Evaluation and Validation#
These built-in functions help you to evaluate the outputs of your experiments.
They can also be used with prompttest
for be part of your CI/CD system.
- prompttools.utils.autoeval_binary_scoring(row, prompt_column_name, response_column_name='response')#
Uses auto-evaluation to score the model response with “gpt-4” as the judge, returning 0.0 or 1.0.
- Parameters:
row (pandas.core.series.Series) – A row of data from the full DataFrame (including input, model response, other metrics, etc).
prompt_column_name (str) – name of the column that contains the input prompt
response_column_name (str) – name of the column that contains the model’s response, defaults to
"response"
- Return type:
- prompttools.utils.autoeval_scoring(row, expected, response_column_name='response')#
Uses auto-evaluation to score the model response.
- Parameters:
- Return type:
- prompttools.utils.autoeval_with_documents(row, documents, response_column_name='response')#
Given a list of documents, score whether the model response is accurate with “gpt-4” as the judge, returning an integer score from 0 to 10.
- Parameters:
row (pandas.core.series.Series) – A row of data from the full DataFrame (including input, model response, other metrics, etc).

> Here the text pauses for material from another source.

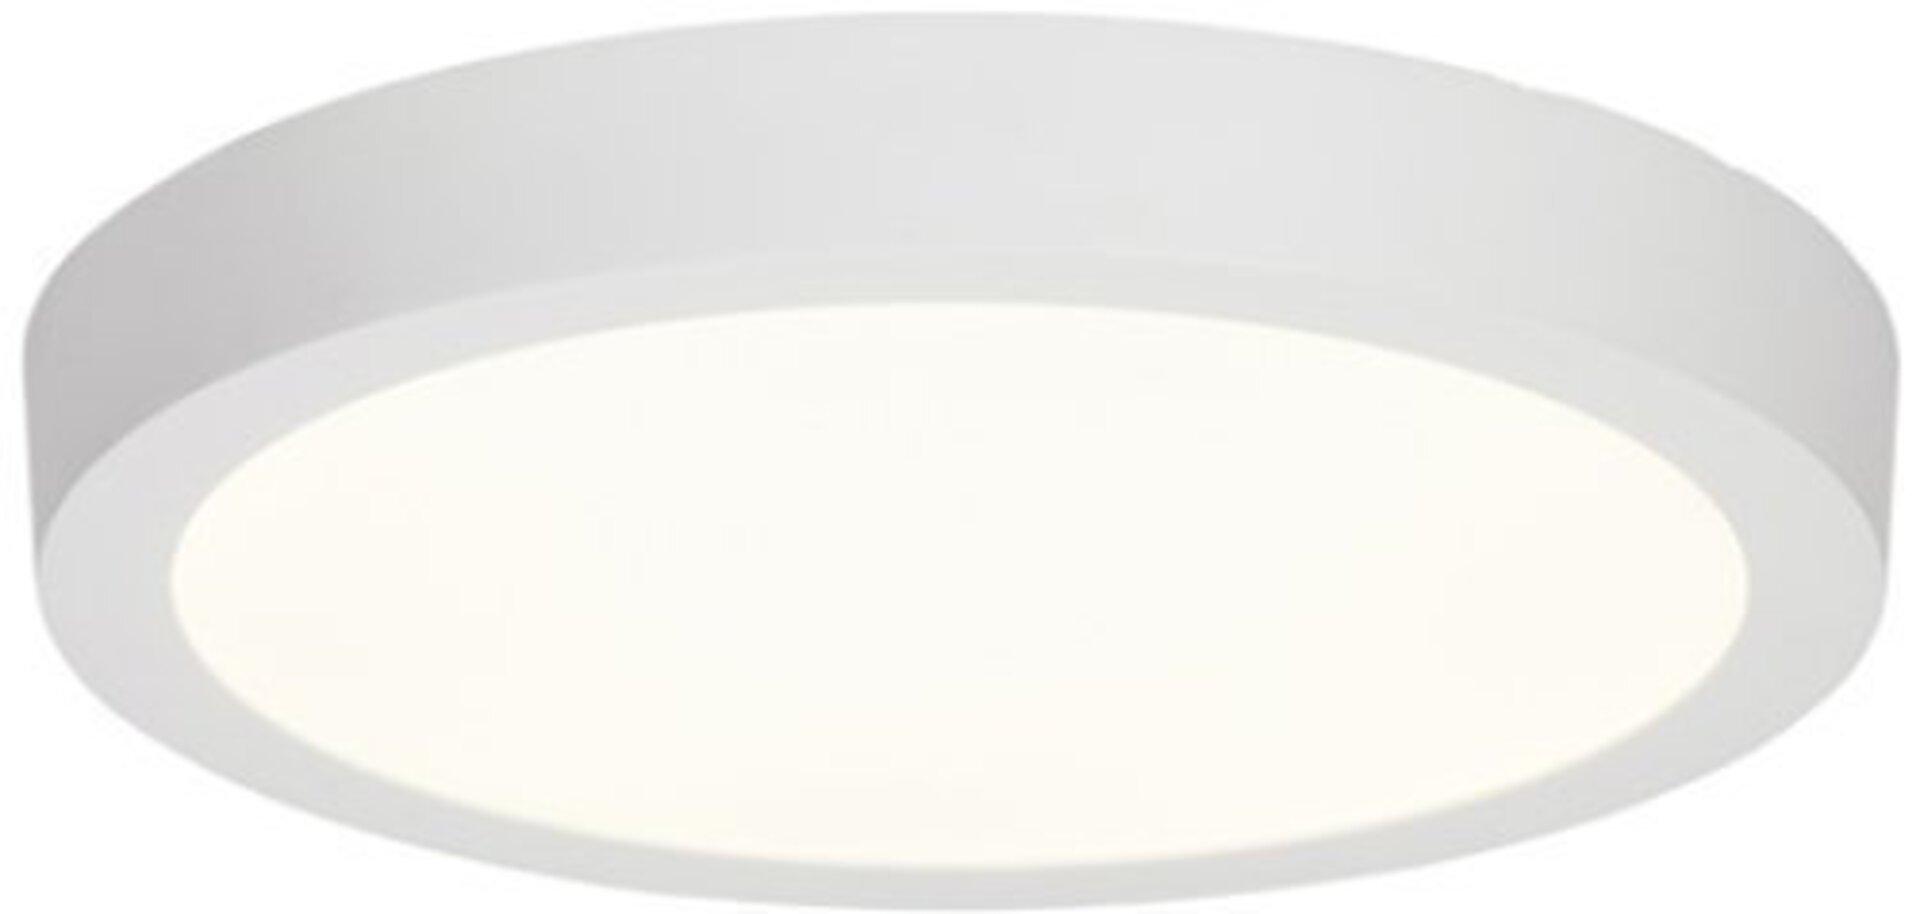 Deckenleuchte KATALINA Brilliant Metall weiß 29 x 4 x 29 cm

documents (list[str]) – documents to provide relevant context for the model to judge
response_column_name (str) – name of the column that contains the model’s response, defaults to
"response"
- Return type:
- prompttools.utils.chunk_text(text, max_chunk_length)#
Given a long string paragraph of text and a chunk max length, returns chunks of texts where each chunk’s length is smaller than the max length, without breaking up individual words (separated by space).
- prompttools.utils.compute_similarity_against_model(row, prompt_column_name, model='gpt-4', response_column_name='response')#
Computes the similarity of a given response to the expected result generated from a high quality LLM (by default GPT-4) using the same prompt.
- Parameters:
row (pandas.core.series.Series) – A row of data from the full DataFrame (including input, model response, other metrics, etc).
prompt_column_name (str) – name of the column that contains the input prompt
model (str) – name of the model that will serve as the judge
response_column_name (str) – name of the column that contains the model’s response, defaults to
"response"
- Return type:
- prompttools.utils.ranking_correlation(row, expected_ranking, ranking_column_name='top doc ids')#
A simple test that compares the expected ranking for a given query with the actual ranking produced by the embedding function being tested.
- Parameters:
row (pandas.core.series.Series) – A row of data from the full DataFrame (including input, model response, other metrics, etc).
expected_ranking (list) – the expected list of ranking to compare
ranking_column_name (str) – the column name of the actual ranking produced by the model, defaults to
"top doc ids"
- Return type:
Example
>>> EXPECTED_RANKING_LIST = [ >>> ["id1", "id3", "id2"], >>> ["id2", "id3", "id1"], >>> ["id1", "id3", "id2"], >>> ["id2", "id3", "id1"], >>> ] >>> experiment.evaluate("ranking_correlation", ranking_correlation, expected_ranking=EXPECTED_RANKING_LIST)
- prompttools.utils.validate_json_response(row, response_column_name='response')#
Validate whether
response
string is in a valid JSON format.
- prompttools.utils.validate_json.validate_keys(text, valid_keys)#
Guarantees that all keys in the generated JSON are valid.
- prompttools.utils.validate_python_response(row, response_column_name='response')#
Validate whether
response
string follows Python’s syntax.
- prompttools.utils.semantic_similarity(row, expected, response_column_name='response')#
A simple test that checks semantic similarity between the expected response (provided by the user) and the model’s text responses.
- Parameters:
row (pandas.core.series.Series) – A row of data from the full DataFrame (including input, model response, other metrics, etc).
expected (str) – the expected responses for each row in the column
response_column_name (str) – name of the column that contains the model’s response, defaults to
"response"
- Return type:
- prompttools.utils.similarity.compute(doc1, doc2, use_chroma=False)#
Computes the semantic similarity between two documents, using either ChromaDB or HuggingFace sentence_transformers.